1. What are the limitations of Renko charts in trading?

Key drawbacks or disadvantages of this chart come from its not showcasing time data or volume to reduce noise. It might lead to delayed signals, especially in a volatile market, which might in turn result in making market entry or exits at an unfavourable time.

2. Is the Renko chart profitable?

In terms of booking profit from trades using this chart, using it alone might not be wise. Combine its forecasts with other technical indicators such as the RSI, MACD, etc, and make trade decisions.

3. What is the best brick size for Renko?

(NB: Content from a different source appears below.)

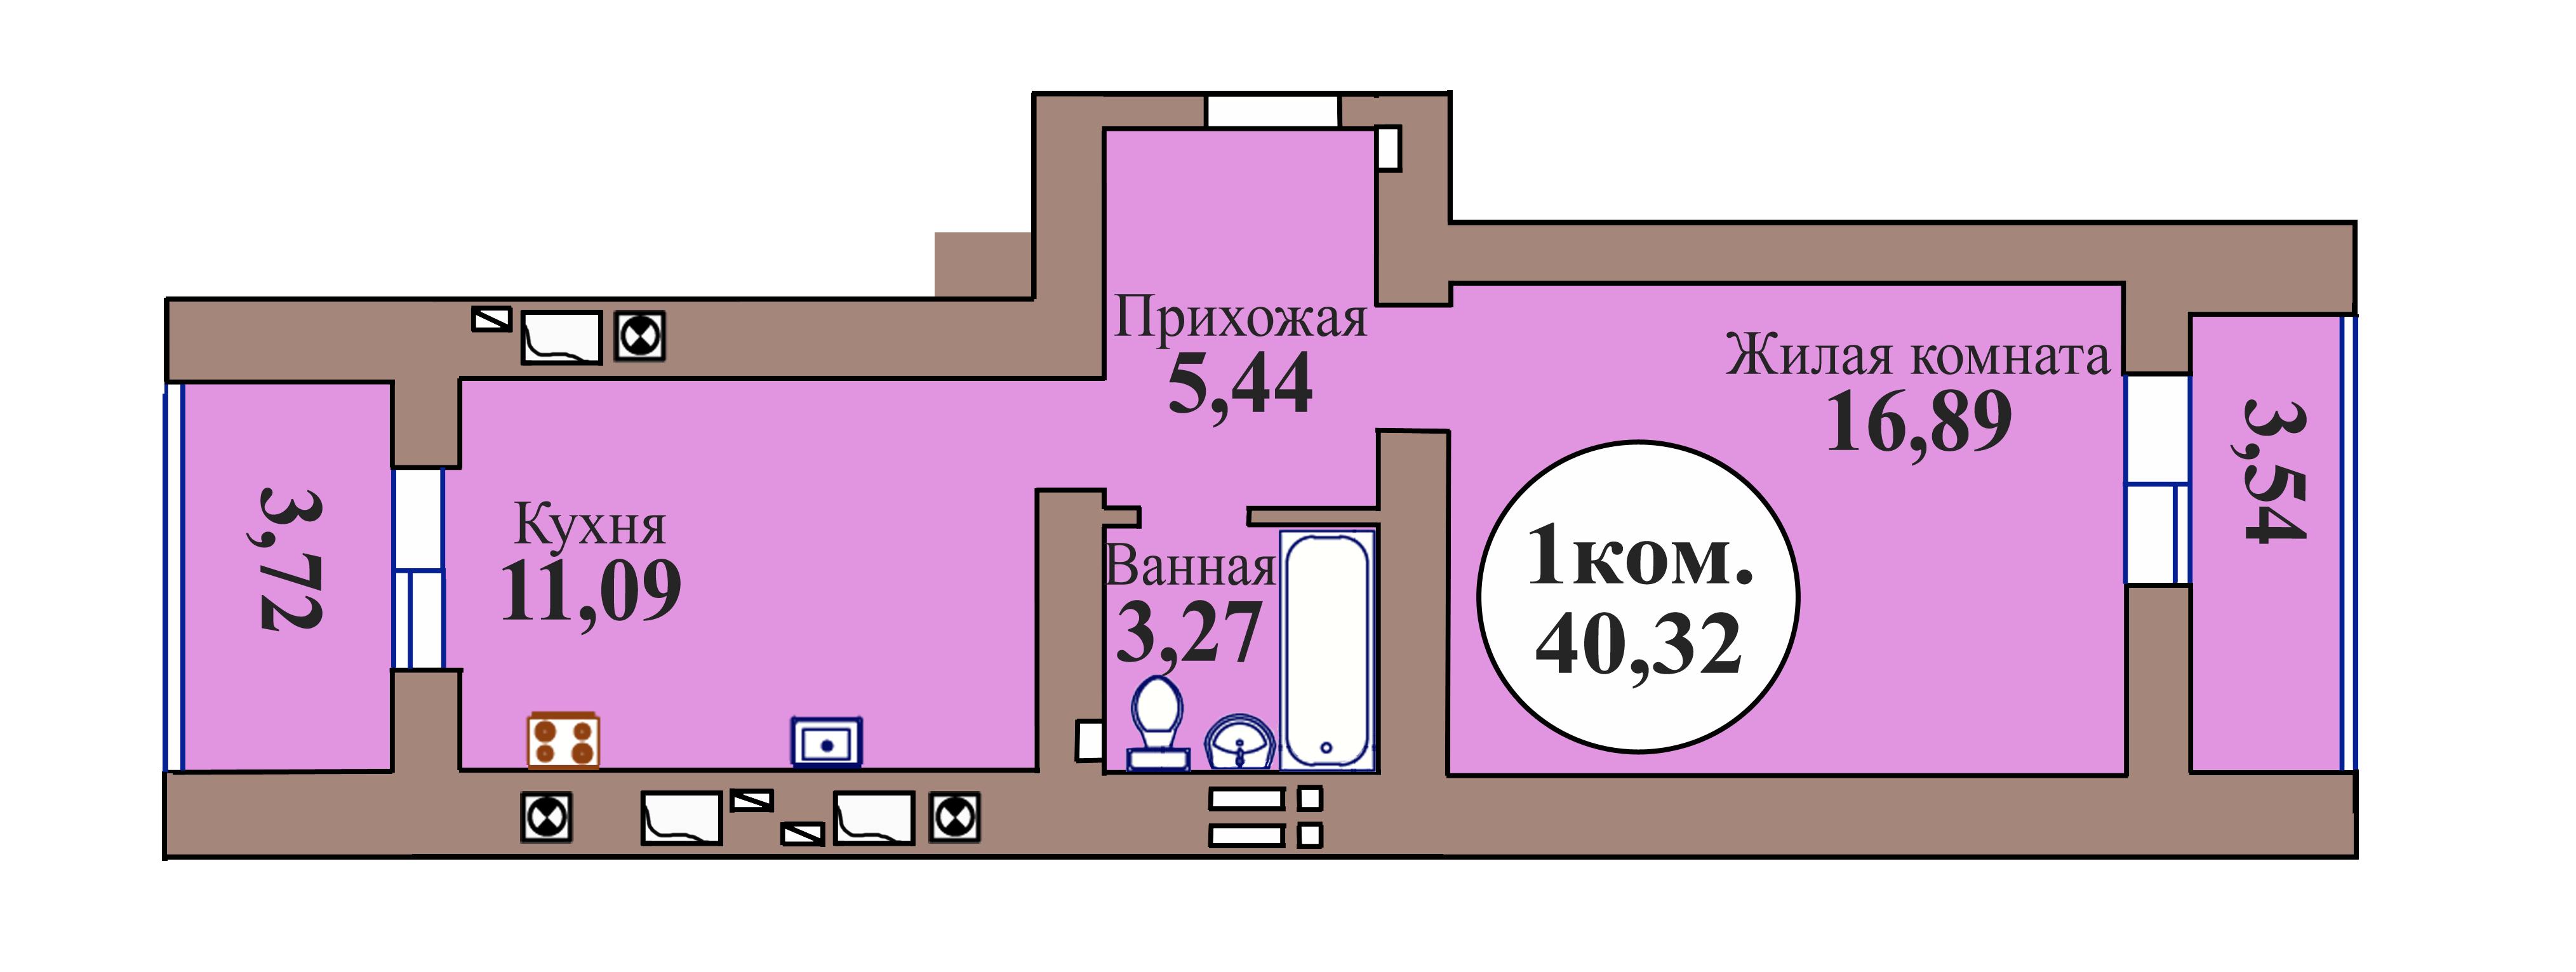 1-комн. кв. по пер. Калининградский, 5 кв. 18 в Калининграде

While there is no fixed best size for this chart, you might follow strategies of what other traders do. Usually, traders set a brick size of about 1/20th of an asset’s price, which means setting an INR 5 block size for a stock trading at INR 100.

4. Which timeframe is best for a Renko chart?

There is no specific time frame for this chart as it depends on your trading strategy and other factors. For example, if you are participating in day trades, set time frames for 5 minutes or 15 minutes. For delivery or swing trades, setting a daily chart might be effective.

5. When to use a Renko chart?

You can employ a Renko chart to identify the potential price trends. For example, use green bricks to enter a long position and red ones to enter a short position. You can also use it when you are looking for range, breakout, pattern trading, etc.